Tuesday, August 10, 2010

East St Louis schools loose $1million to burglars despite security www.privateofficer.com

EAST ST. LOUIS, Ill.Aug 10 2010 — Cash-strapped East St. Louis public schools lost more than $1 million in a year to burglars despite safeguards that include paying $1.2 million a year for private security, according to a school board member and the district's crime reports.

The Belleville-News Democrat's review of East St. Louis School District 189's crime reports found that the thefts starting July 2009 took place even while the schools had access to state-of-the-art surveillance and alarm systems.

The newspaper said the losses arose from the theft of computers and other electronic equipment as well as damage caused during the break-ins.

In some cases, the newspaper reported, the thieves had an easy time because doors had been left unlocked at night and the burglar alarms weren't properly set. Other times, they used rocks and boards to break in through windows.

Carl Officer, a former East St. Louis mayor who is now on the school board, said the thefts and repair bills caused by burglars have cost more than $1 million since July last year. A board colleague, Kinnis Williams, said he plans to call on district administrators to detail what was stolen.

All the while, St. Clair County State's Attorney Robert Haida says he has not been asked to file charges in any of the thefts, including the pillaging of 52 laptop computers from East St.
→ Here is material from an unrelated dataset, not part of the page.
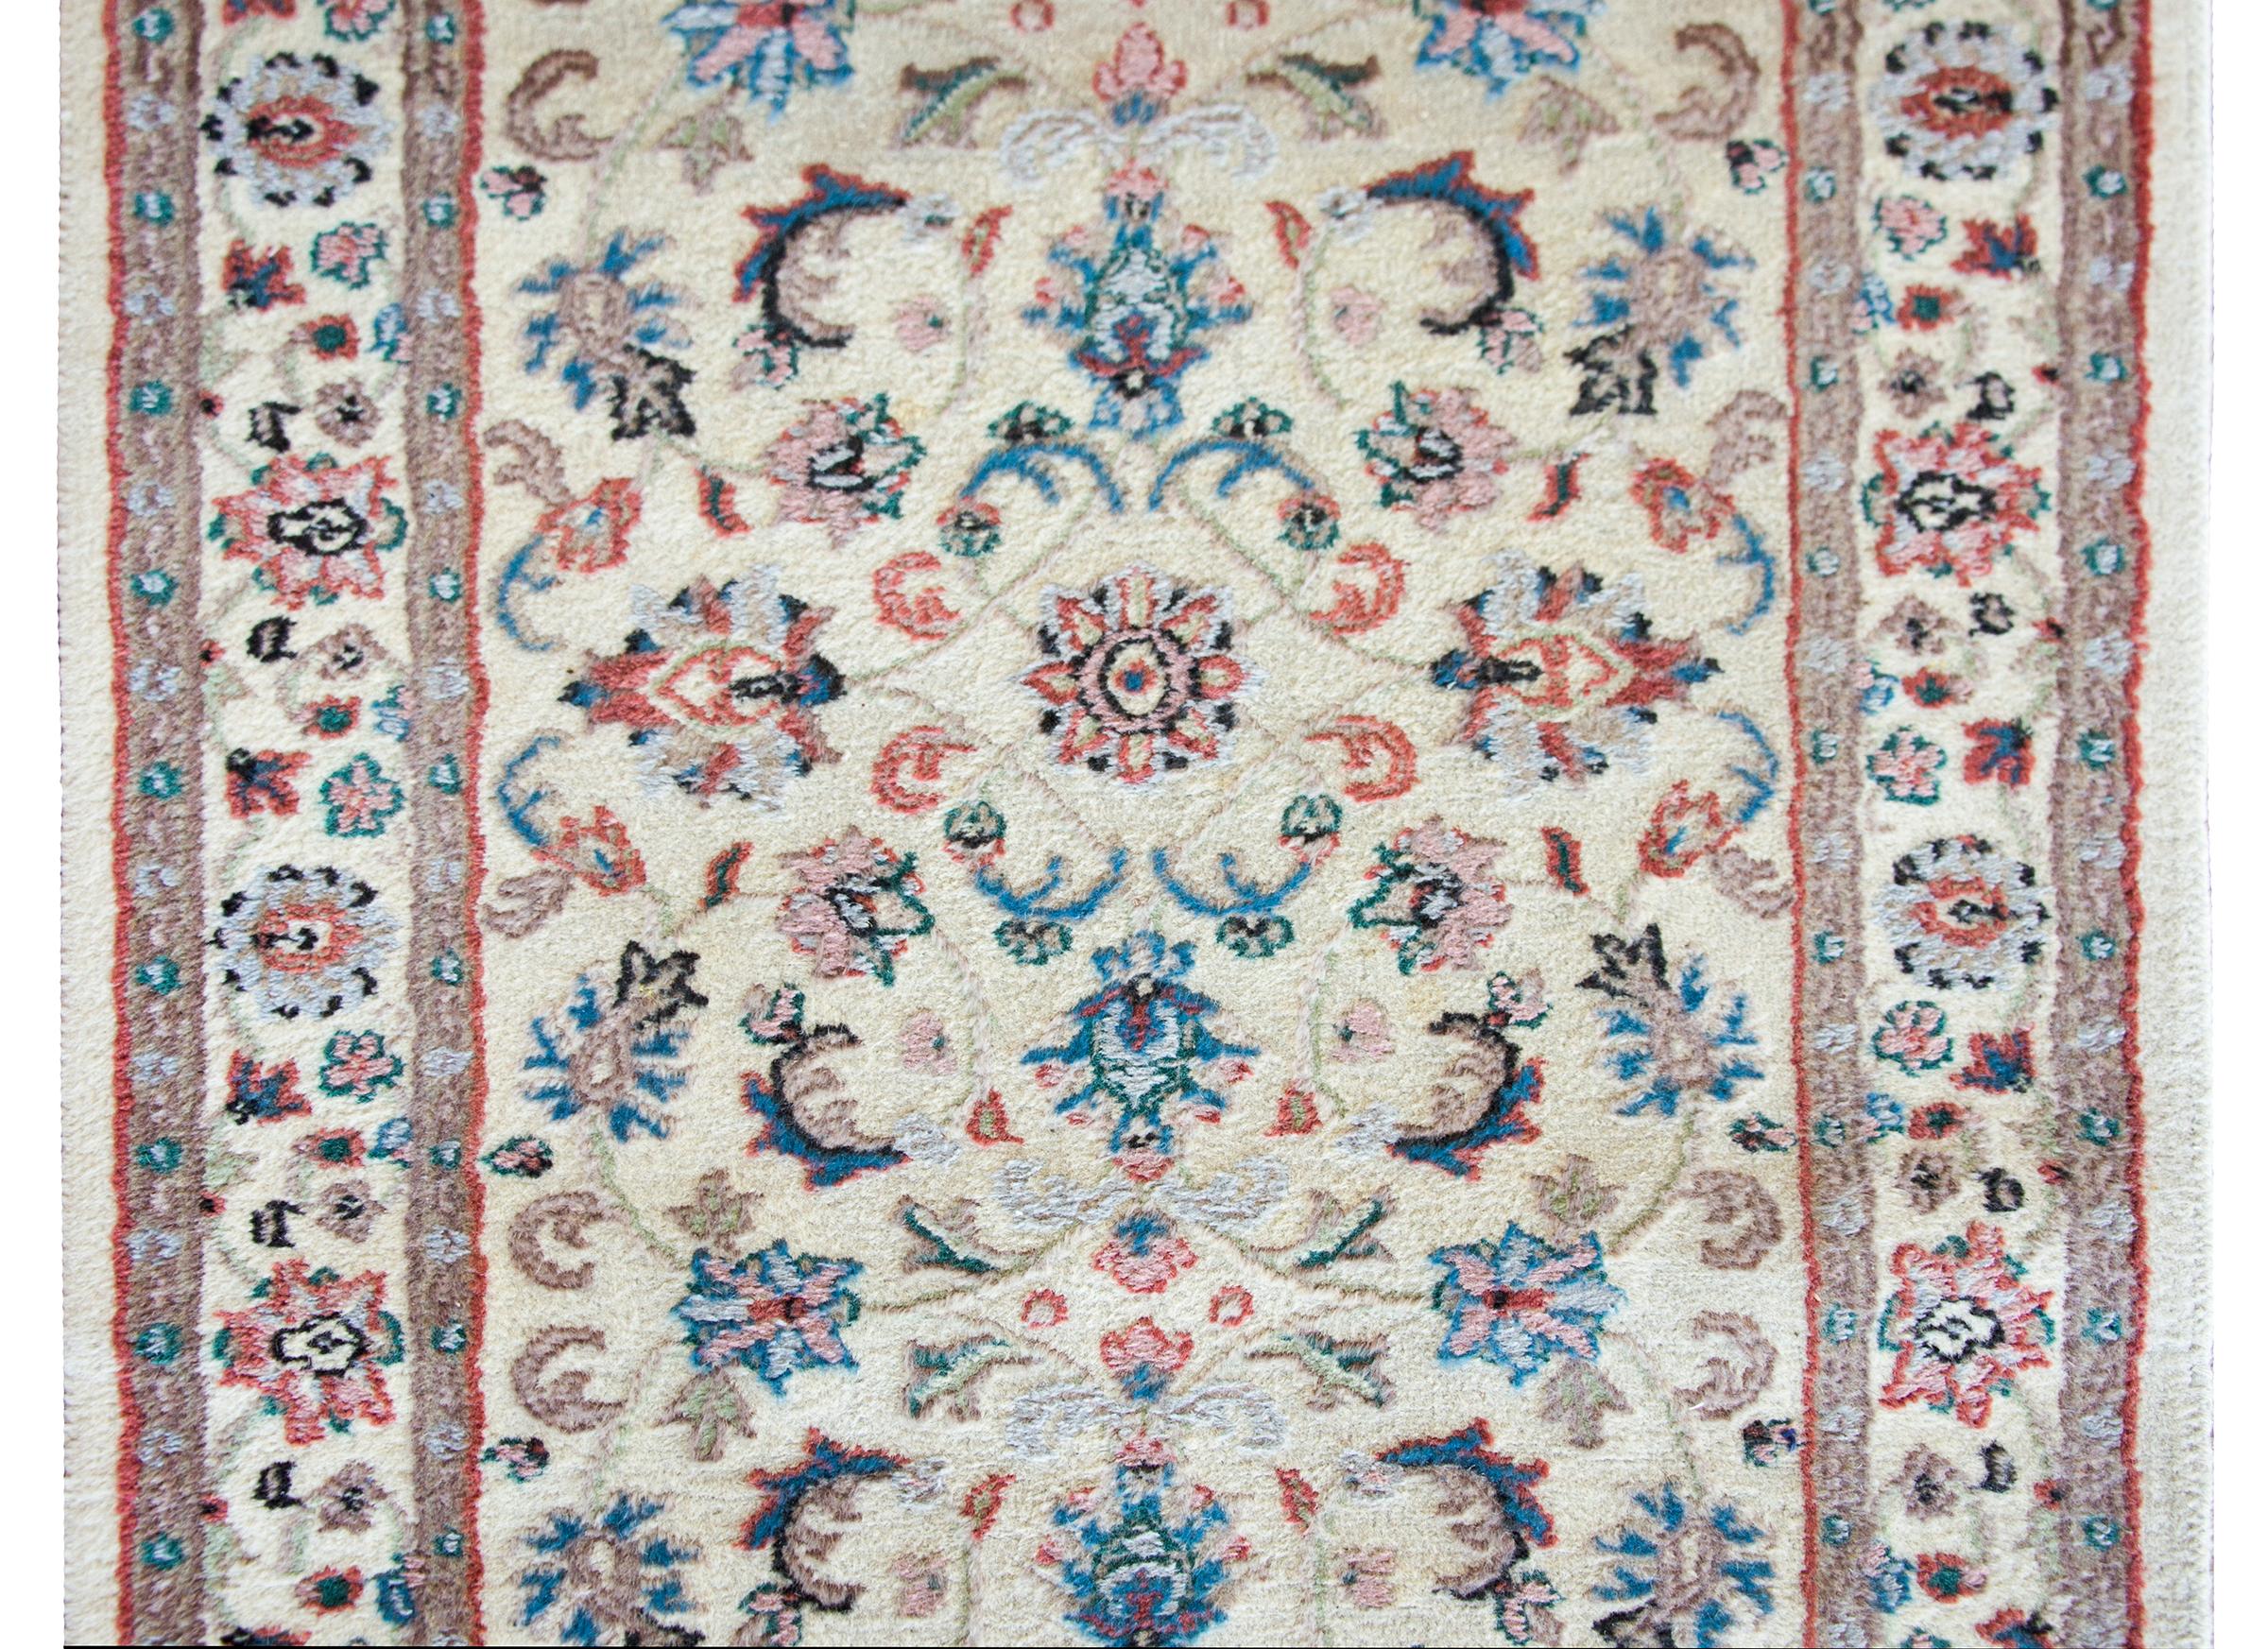 A wonderful late 20th century Indian rug with a beautiful hand-woven floral and scrolling vine pattern woven in crimson, pink, indigo, and gray against a cream colored background. The border is simple with a similar floral pattern as the field.
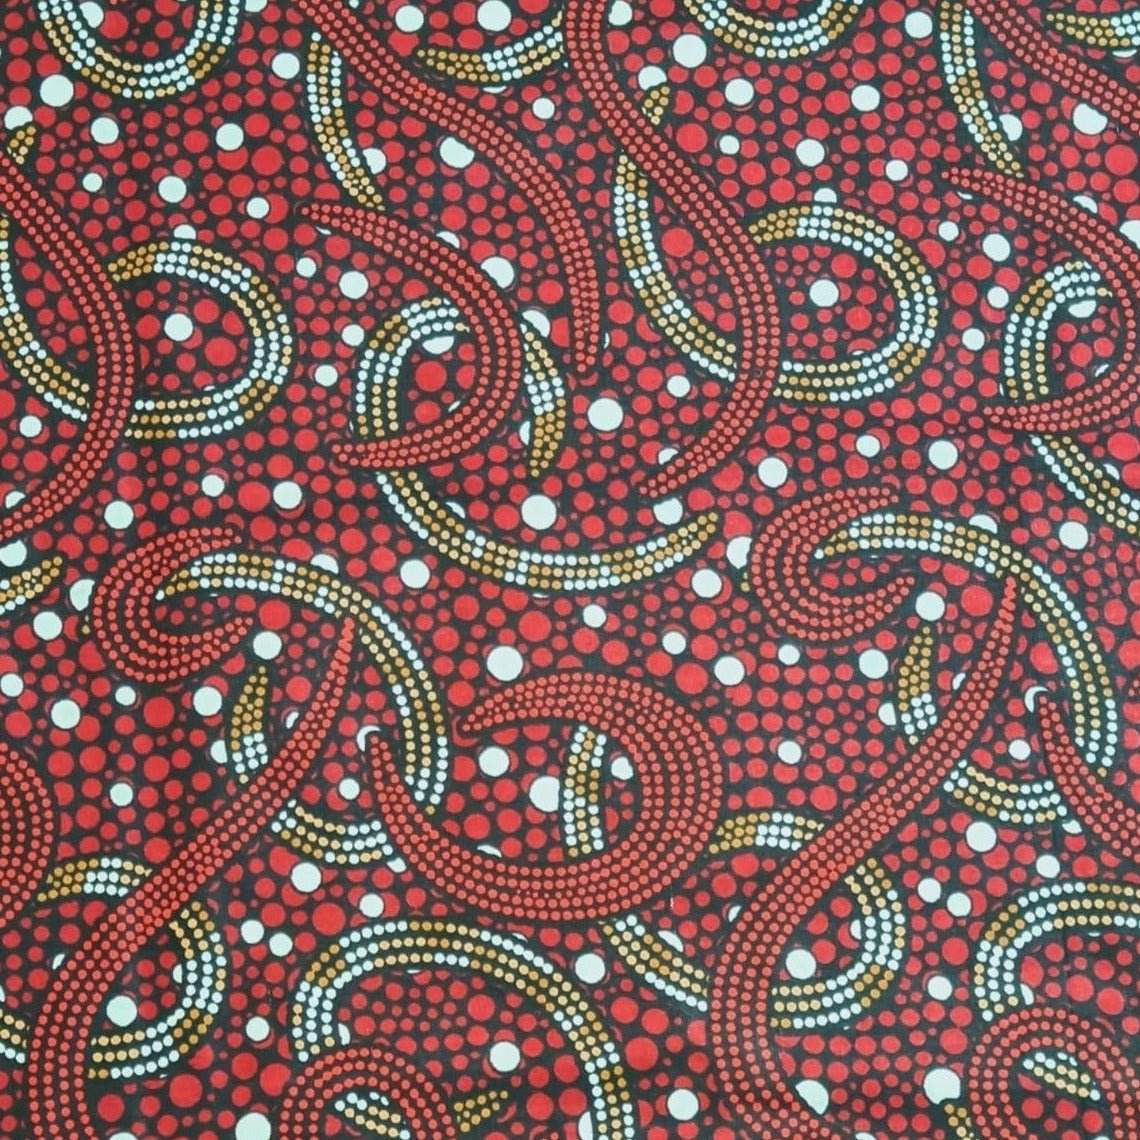 Red and Brown Swirl Print Ankara Fabric - akpy3054 - House of Prints

Louis Senior High School last December.

"We have had no communication at all with the district regarding that case," Haida said.

The number of stolen laptops may be twice that, the newspaper reported, noting that crime reports by the district's security chief -- Marion Hubbard, a former police chief -- list 110 missing computers bought in April 2009 for $142,642.

Officer said that despite board policy discouraging board members from making personal trips to schools, he has scheduled security and safety inspections and will hold meetings with parents and teachers at the district's 22 schools.

"I was told that's not really a board member's place. To hell with that," Officer said, wondering aloud if some of the thefts were carried out by some district employees.

Kim McAfee, a Washington Park police investigator who heads KLM Security, holder of the $1.2 million security contract with the district, said the report of $1 million in losses "doesn't surprise me." He referred additional comment to Hubbard, who directed the newspaper to Superintendent Theresa Saunders.

Saunders did not immediately return messages left Monday by The Associated Press.

The newspaper said reports by East St. Louis police officer Ronald Ike Sr. showed that school workers repeatedly failed to set burglar alarms, sometimes because they did not know how. In one case, the newspaper reported, a Miles Davis Elementary School custodian failed to lock the library's door -- the janitor said he didn't know how to use a key -- and burglars made off with three computers and a printer.

In other break-ins, motion sensors did not work because their batteries were dead. McAfee once found that the motion detectors were turned in the wrong direction, away from windows -- perhaps explaining why burglars of a middle school in March managed to abscond with a digital projector valued at about $1,200.